鉱山の経営はなんとか収支プラマイゼロを確保できるようになったが、ローンと税金の支払いは残っている。

 6月の収支は薬師さんの休みを増やしたせいで上質の薬の供給が減った事もあり、薬店から3000万にエイナさんから400万、カレサ布が2600万だった。

 鉱山のローンと、国と地元貴族に払うお金の合計が6800万なので、800万の赤字だ。
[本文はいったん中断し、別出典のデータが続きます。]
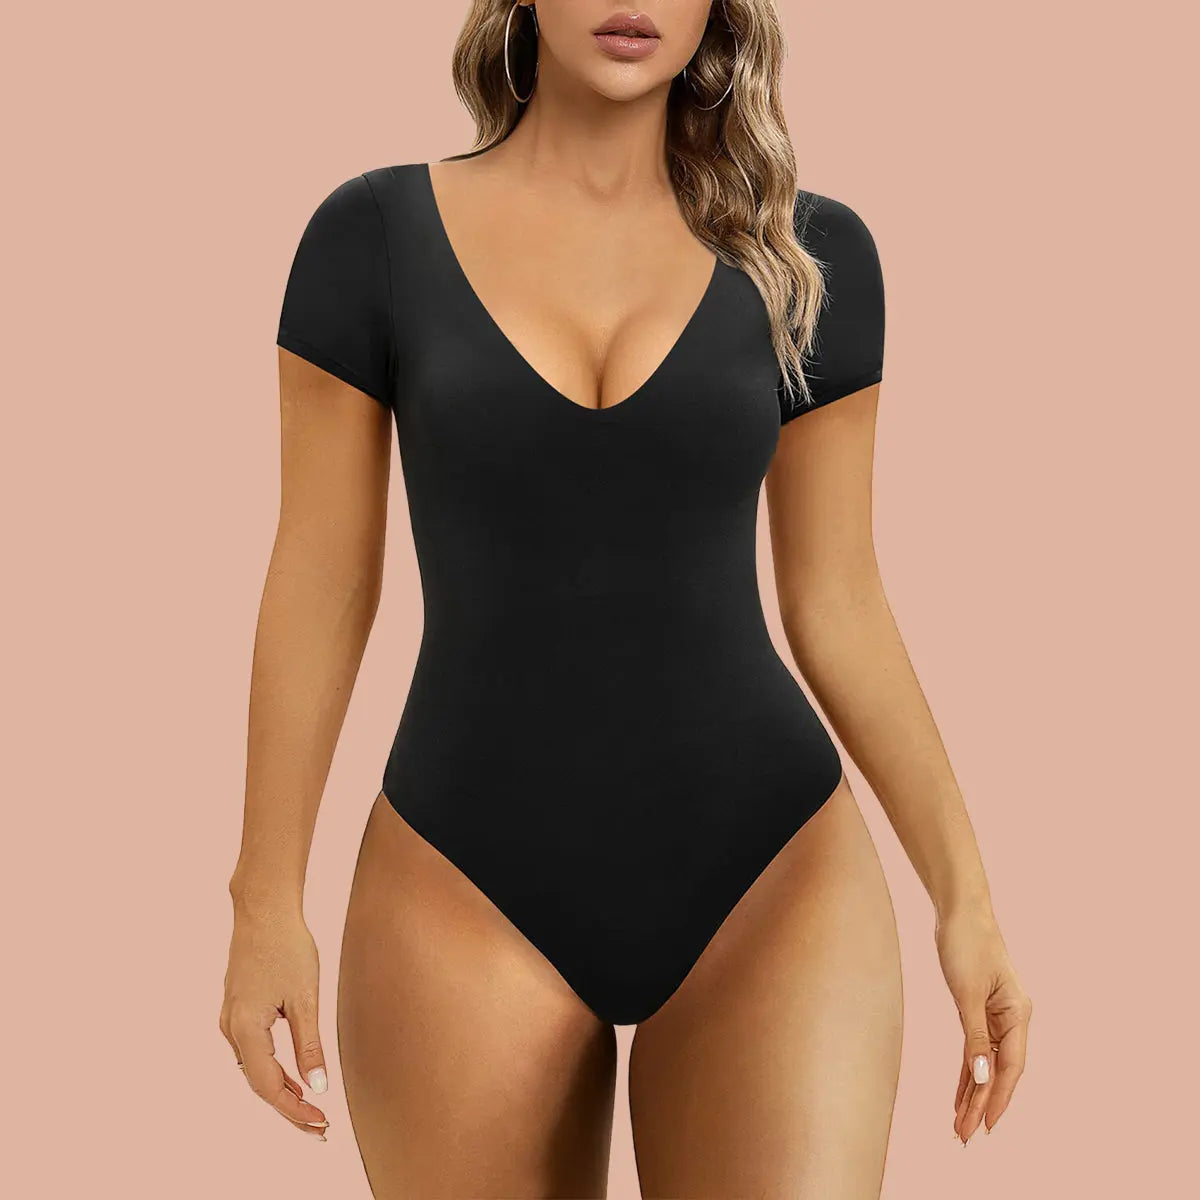 Let's try out the hugging bodysuits! The are the MUSt HAVES! “Fits

それを補うべく、かねてから考えていた事を実行に移す決断をする。

 セレスさんが俺と妹のために作ってくれた家の中で、ベッドの下に隠しておいた箱を取り出して蓋(ふた)を開ける。

 そこに入っているのは二つの首輪。リンネや薬師さんの首にもついているあの首輪だ。

 ちなみにこれは鉱山を買い取った当初、初めの三日で二人死んでしまったエルフさん達の首につけられていた物である。

 薬師さんに言うと絶対反対されると思ったので、炊事場の子にお願いして埋葬前にこっそり回収してもらったのだ。

 それはつまり首を切り落としたという事な訳で、それまで日常だったとか、死にかけではなく死んでからだった分マシだろうとか、そんな言い訳は通らない酷い事だったと思う。

 赤黒い染みがついた木と鉄でできた首輪は不気味で、今まで触れる覚悟がつかなかったのだ。

 覚悟を決めて触れてみた首輪は、厚さが5センチくらいで、重さは3~4キロほどだろうか。重量以上にズシリとした重みを感じる。

 構造を探ろうと色々いじってみるが、閉じている首輪の開き方からしてさっぱりわからない。わかった事と言えば、側面についている金属の部品で輪の大きさが微調整できる事と、ネジ一巻きで一日分くらいのペースで、徐々に首輪が絞まってくるという事だけだった。

 絞まる力はそれほど強くないので死ぬ事はないだろうけど、息がし難(にく)くなって

苦しみが続くという、悪夢のような道具である。

 そんな道具だが、自分でいじってみて構造がわからないとなると、誰かに訊くしかない。それは人間の奴隷商人か、鍛冶職人かだろう。どちらにしてもここにはいないので、王都に行って探してみようと決め、次にライナさんが王都に向かう時に同行させてもらう事にする。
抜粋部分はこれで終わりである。